To address this shortcoming, there has been increased commercial and academic interest in configurable, customizable, and reconfigurable processor architectures over the past few years. Companies like ARC and Tensilica have long been offering configurable and customizable processors along with supporting tool chains [6, 7] . Academic researchers have also been embedding FPGA-like reconfigurable functional units (RFUs) in processor datapaths to implement custom instructions [8, 9] , and customizable co-processors to offload performancecritical computations from their host processors [10] . However, most customizable processors are also aimed at the ASIC market, making them difficult to recustomize once they have been manufactured; and RFUs are often constrained by fixed architectures that limit the range of custom operations they can support. Although soft-core versions of these processors are commonly used for functional validation, they are not designed to be implemented in FPGAs.
Soft processors are an alternative to ASIPs and customizable processors since they can easily and quickly be reconfigured and implemented in FPGAs. They can also leverage available FPGA resources to provide very efficient implementations. In [11, 12] , the authors describe the Soft Processor Rapid Exploration Environment (SPREE), which they used to create and evaluate the area, execution performance, and energy consumption of various soft processor implementations. The results of this study provide several insights into the trade-offs involved in designing soft processors that issue and execute single instructions. Our work builds upon these results and examines the effects of datapath and ISA customization on the performance and area of soft VLIW datapaths.

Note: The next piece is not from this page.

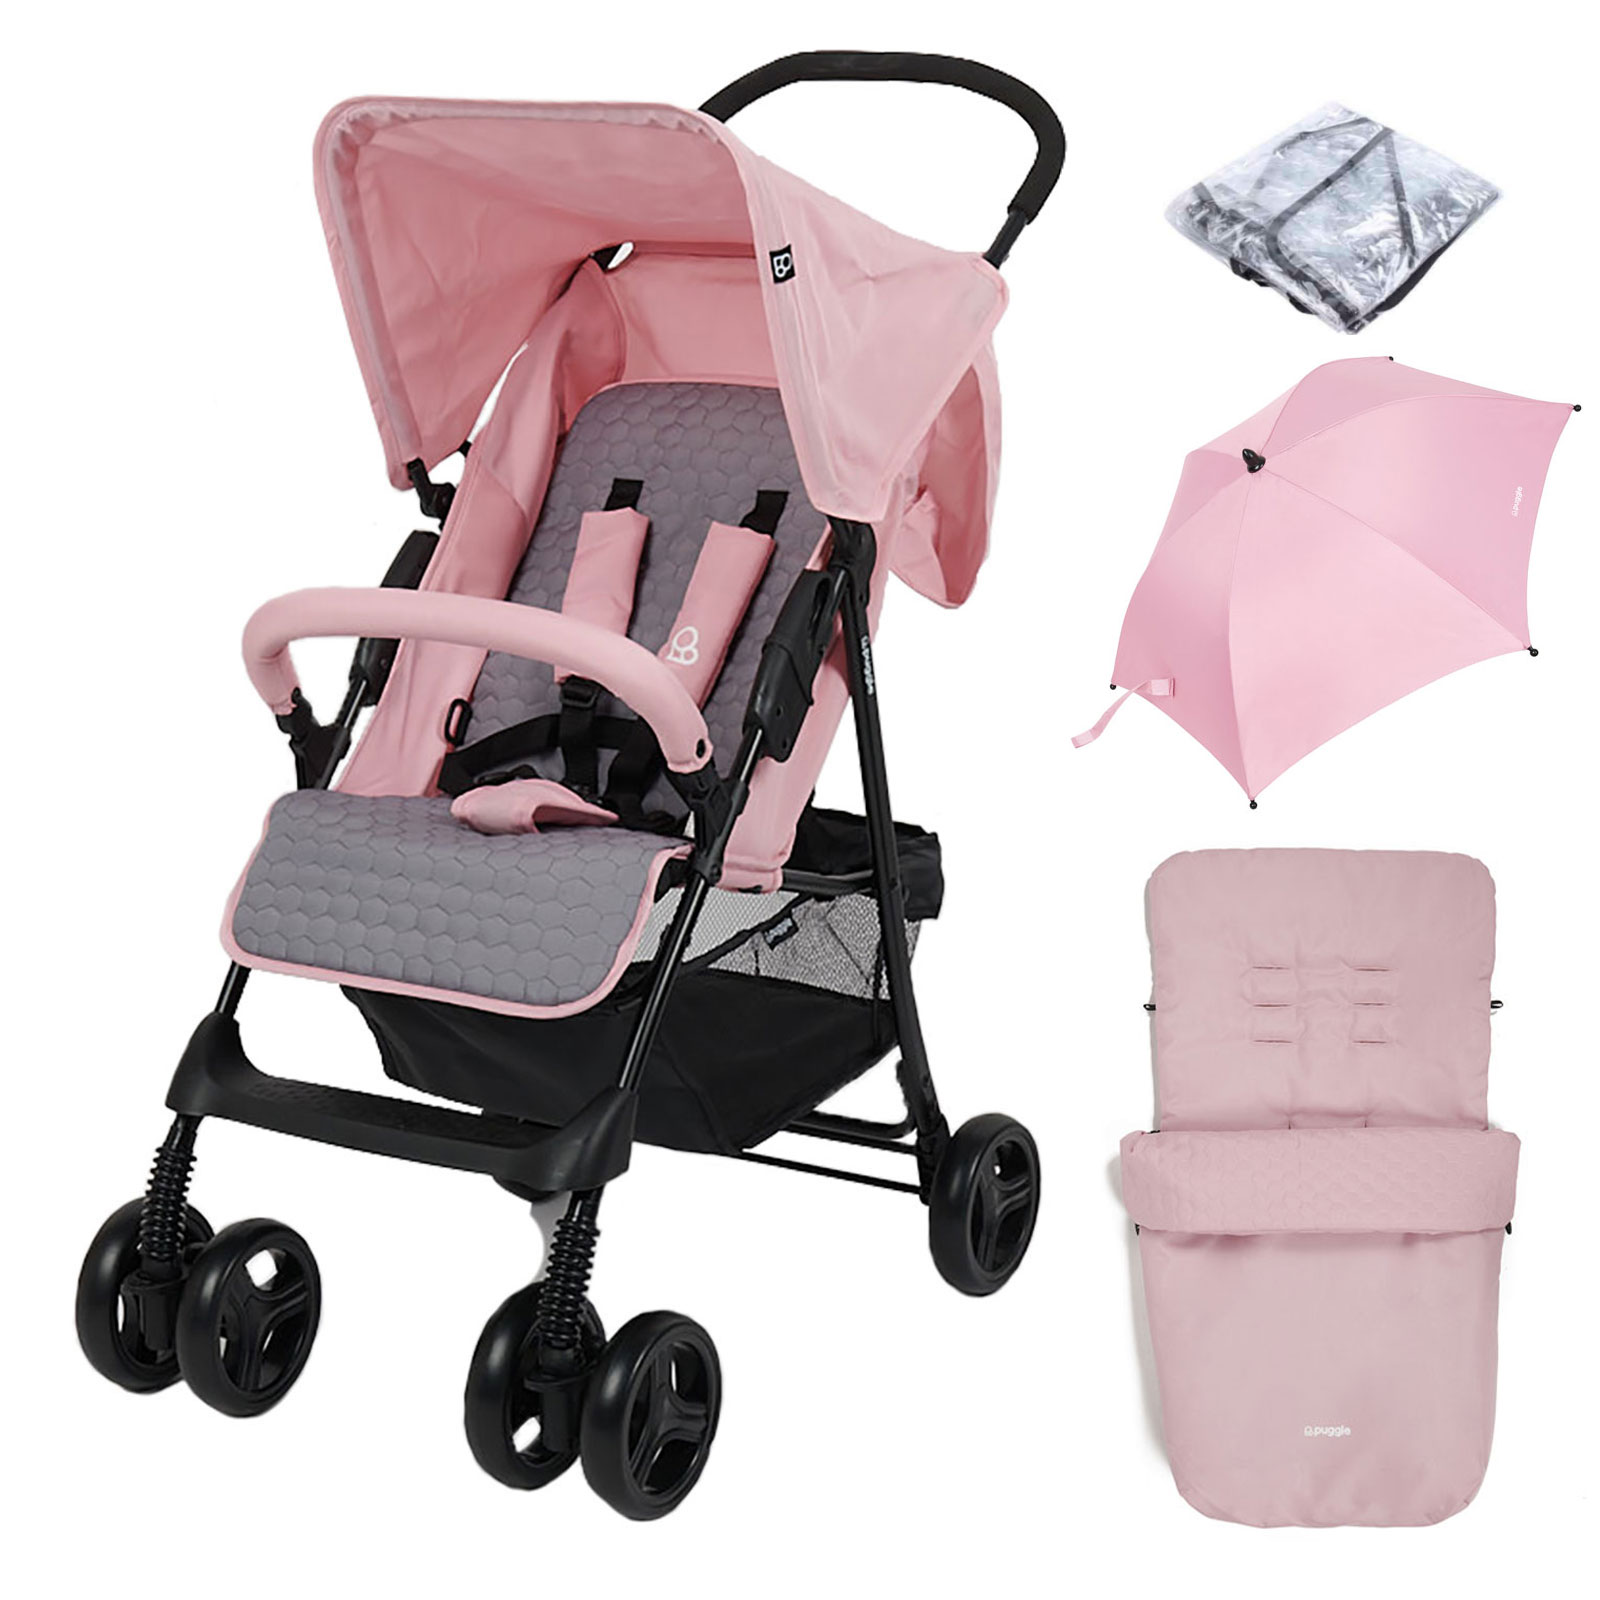 Puggle Holiday Luxe Pushchair Stroller with Raincover, Universal Footmuff and Parasol – Vintage Pink

Our VLIW processor is not the first to be implemented in an FPGA. In [13, 14] , the authors describe a soft VLIW processor consisting of four, identical, 32-bit ALUs and a customizable hardware block for accelerating performancecritical loop kernels. The ALUs and the hardware block operate in parallel and are interconnected through a single, multi-ported, 32 × 32-bit register file. Our processor differs from this processor in several ways, and in Sect. 3 we describe its organization and architecture in more detail.
Processor Architecture
In this section we describe the datapath, instruction set architecture, and pipeline organization of our processor. Figure 1 shows the datapath of our soft VLIW processor. The datapath can be configured to include any number of 16, 32, or 64-bit general-purpose functional units. These include arithmetic and logic units (ALUs), multiply-accumulate units (MACs), address generation units (AGUs), and data memory units (DMUs). AGUs compute data memory addresses and DMUs execute memory-access operations. Every DMU is connected to a single-ported data memory bank that is implemented using an on-chip RAM block. The datapath may also include a number of custom computational units (CCUs), which execute user-defined machine operations that are used to customize and extend the basic ISA. Finally, the datapath includes a single control and branching unit (CTL) that performs data movement, branching, and other control-flow operations. The datapath also includes up to three distributed register files, each with a configurable number of registers and access ports. Distributed register files use fewer read and write ports, and are smaller and faster than a unified, multiported register file of the same aggregate size. The distributed register files include a data register file (DRF), an address register file (ARF), and an optional custom register file (CRF). Data can be transferred between the different register files using special data movement operations executed by the CTL unit.
Datapath Organization
Finally, to provide basic functionality, each processor must be configured with a minimal mix of functional units that includes one ALU, one AGU, and one DMU. These, in turn, require the use of the DRF and ARF. By default, each functional unit is 32 bits wide and each register file consists of 32 registers with two read ports and one write port. For the remainder of this paper, we will refer to this configuration as our base processor (BP).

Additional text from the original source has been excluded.